* _What to do_: For each line below that contains the word "Image", return that line.

Records for this exercise Start Marker

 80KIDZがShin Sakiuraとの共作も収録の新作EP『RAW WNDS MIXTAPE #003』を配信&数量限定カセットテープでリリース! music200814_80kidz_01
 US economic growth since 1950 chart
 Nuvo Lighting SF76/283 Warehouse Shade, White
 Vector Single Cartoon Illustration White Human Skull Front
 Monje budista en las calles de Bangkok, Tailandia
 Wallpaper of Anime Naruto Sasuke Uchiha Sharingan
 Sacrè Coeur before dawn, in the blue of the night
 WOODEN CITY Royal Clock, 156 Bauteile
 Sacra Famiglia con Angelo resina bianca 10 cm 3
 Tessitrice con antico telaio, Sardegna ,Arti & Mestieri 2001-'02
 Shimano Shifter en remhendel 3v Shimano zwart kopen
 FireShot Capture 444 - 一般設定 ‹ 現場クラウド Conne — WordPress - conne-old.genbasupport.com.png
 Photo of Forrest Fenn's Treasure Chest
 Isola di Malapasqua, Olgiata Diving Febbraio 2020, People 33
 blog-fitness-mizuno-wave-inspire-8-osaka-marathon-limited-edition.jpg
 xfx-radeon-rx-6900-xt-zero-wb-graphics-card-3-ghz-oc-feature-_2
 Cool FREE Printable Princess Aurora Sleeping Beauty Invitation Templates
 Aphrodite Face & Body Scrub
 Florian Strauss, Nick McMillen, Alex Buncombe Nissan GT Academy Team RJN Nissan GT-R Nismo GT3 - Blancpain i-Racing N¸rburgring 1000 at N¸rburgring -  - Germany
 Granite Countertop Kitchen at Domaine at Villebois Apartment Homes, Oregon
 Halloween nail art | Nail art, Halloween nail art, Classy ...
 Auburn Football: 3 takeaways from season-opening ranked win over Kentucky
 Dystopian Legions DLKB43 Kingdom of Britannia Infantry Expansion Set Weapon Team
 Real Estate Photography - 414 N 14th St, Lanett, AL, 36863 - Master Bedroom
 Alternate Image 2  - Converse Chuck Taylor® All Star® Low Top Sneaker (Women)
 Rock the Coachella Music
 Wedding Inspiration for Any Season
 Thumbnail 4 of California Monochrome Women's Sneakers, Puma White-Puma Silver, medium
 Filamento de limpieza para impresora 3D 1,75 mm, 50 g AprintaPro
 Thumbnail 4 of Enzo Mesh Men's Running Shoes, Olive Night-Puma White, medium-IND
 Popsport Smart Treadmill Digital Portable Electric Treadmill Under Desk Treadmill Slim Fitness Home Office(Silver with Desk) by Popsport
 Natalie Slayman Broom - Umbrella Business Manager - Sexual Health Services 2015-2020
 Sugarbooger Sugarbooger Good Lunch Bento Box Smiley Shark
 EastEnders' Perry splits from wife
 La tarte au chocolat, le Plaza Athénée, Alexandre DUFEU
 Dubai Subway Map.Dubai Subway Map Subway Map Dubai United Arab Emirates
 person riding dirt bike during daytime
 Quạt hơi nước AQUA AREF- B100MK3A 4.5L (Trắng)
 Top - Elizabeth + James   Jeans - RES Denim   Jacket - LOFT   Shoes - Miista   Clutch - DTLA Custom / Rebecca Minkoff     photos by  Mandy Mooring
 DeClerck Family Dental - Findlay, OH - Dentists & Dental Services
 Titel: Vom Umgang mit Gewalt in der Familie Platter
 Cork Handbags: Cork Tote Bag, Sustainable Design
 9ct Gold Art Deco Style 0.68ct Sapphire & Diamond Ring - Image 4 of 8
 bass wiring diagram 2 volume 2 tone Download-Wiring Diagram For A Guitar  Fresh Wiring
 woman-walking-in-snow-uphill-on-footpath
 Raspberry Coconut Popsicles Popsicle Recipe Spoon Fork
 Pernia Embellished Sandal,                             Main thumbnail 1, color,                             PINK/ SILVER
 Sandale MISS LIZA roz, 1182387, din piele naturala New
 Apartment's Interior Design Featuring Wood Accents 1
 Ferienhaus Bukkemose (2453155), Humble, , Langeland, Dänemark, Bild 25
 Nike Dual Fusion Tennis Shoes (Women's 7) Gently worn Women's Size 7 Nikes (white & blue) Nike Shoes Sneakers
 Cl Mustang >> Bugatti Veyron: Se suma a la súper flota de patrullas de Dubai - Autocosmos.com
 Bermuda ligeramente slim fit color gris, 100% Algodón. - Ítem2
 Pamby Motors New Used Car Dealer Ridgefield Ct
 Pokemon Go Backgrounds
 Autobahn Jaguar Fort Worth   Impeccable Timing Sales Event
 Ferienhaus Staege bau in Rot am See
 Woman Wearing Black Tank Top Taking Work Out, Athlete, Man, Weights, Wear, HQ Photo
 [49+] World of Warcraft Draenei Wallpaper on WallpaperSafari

Records for this exercise End Marker

* _Result for this task_:
 Alternate Image 2  - Converse Chuck Taylor® All Star® Low Top Sneaker (Women)
 9ct Gold Art Deco Style 0.68ct Sapphire & Diamond Ring - Image 4 of 8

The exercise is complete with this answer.